No matter, he said, when I drink
I’m the tallest man in Toronto.
…
You have too many tiny apartments, she said.
It’s an epic for ants. But never turn your back on small creatures. Attila the Hun was reputed to be a dwarf and look what he did to the Romans. Napoleon’s penis was 4 cm long and he overcompensated his way through most of Europe. In Latosik’s Cockroach Elegy he writes of those persistent insects “whose lineage took the long train from the Cretaceous, / who continue scurrying away from us, tiny, frantic, stronger.” It’s a paradox he rephrases in Centipede Elegy: “they’ll go on precisely / because they don’t matter.” The oppressors don’t die in revolutions; they collapse beneath the weight of their significance and leave the oppressed to continue. The colonized conquer by teaching their masters simpler ways to see the world. The global becomes so general it’s pointless, and cries out to the local for the kind of meaning that’s only possible in particular details. James Wood has noted this phenomenon in the context of fiction but I think it applies to poetry too: in today’s writing, nothing is real unless it is couched in seemingly irrelevant detail. And so we have:
A little rain, a sudden gust.
That plastic watch we found ticking
away to its imperfect end.
Someone we knew walks into our thoughts
while a car drives off, a dog barks,
a woman feeds the smashed pigeons.
A succession of detail feels like a flag on the moon, staking a place to make it real.
On Basketball captures the tension between local and global, first imagining the early years when James Naismith used peach baskets for hoops and players climbed a ladder each time they scored: “Maybe retrieval was the silent mantra / that peeled back the days of boredom like a callous.” Things changed, of course.
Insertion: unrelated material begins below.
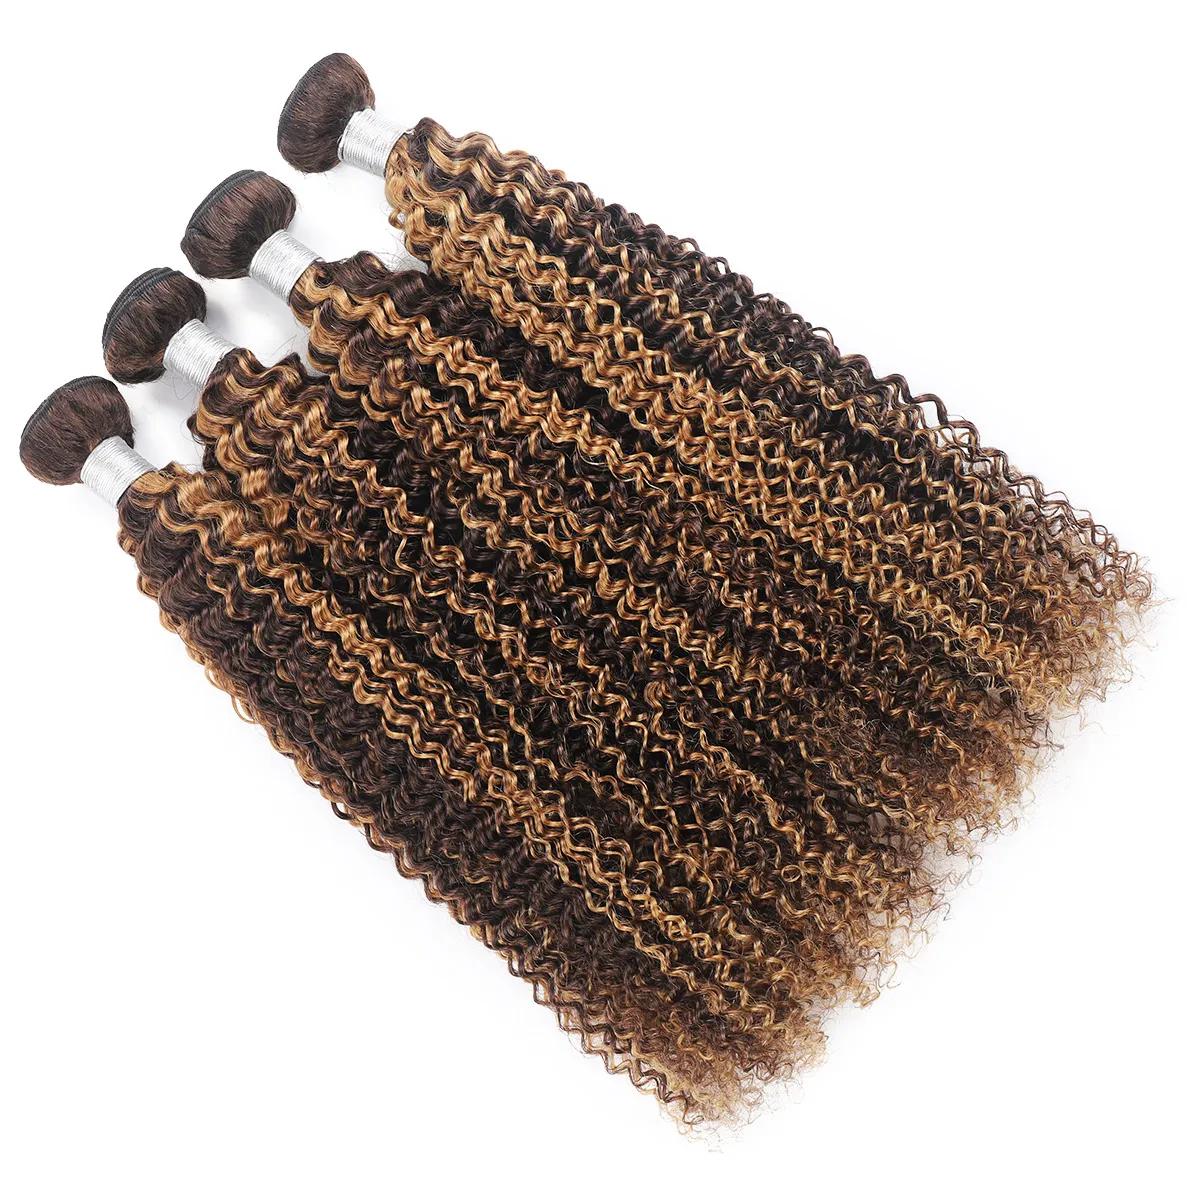 Ishow Wefts Lossa Deep Highlight 4/27 Ombre Färg Brown Human Hair Buntar 8-28INCH Brazilian Body Wave Curly Peruvian Virgn Hårförlängningar för kvinnor Alla åldrar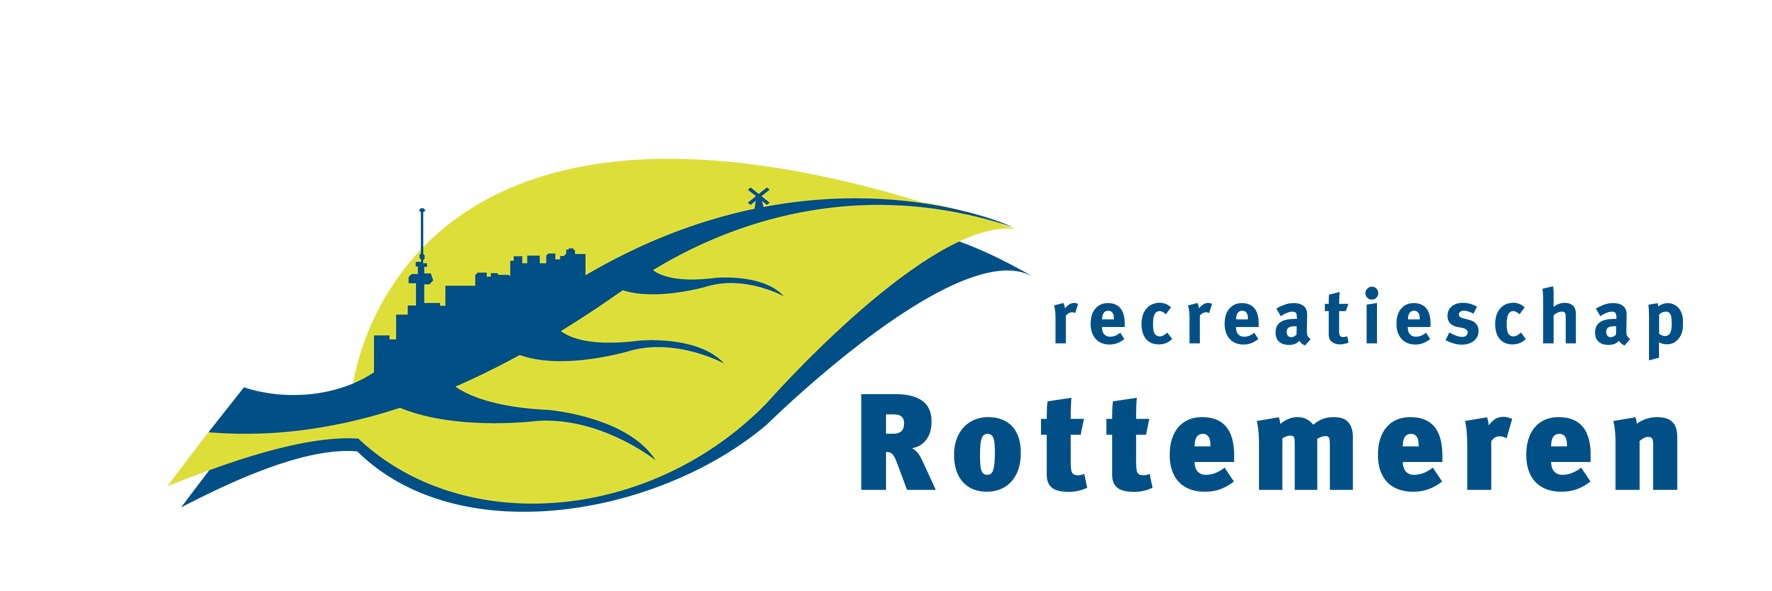 Logo Recreatieschap Rottemeren

They cut holes in the bottom of the baskets. They standardized the game by writing a book of rules. A professional league evolved. It became an Olympic sport. Basketball went global: “Until the storm of limbs and taunts that sweated / upcourt was claimed by a new geography – “
It’s like the tiktaalik, only instead of dragging itself onto dry land with a flukish proto-limb, it throws up a basketball.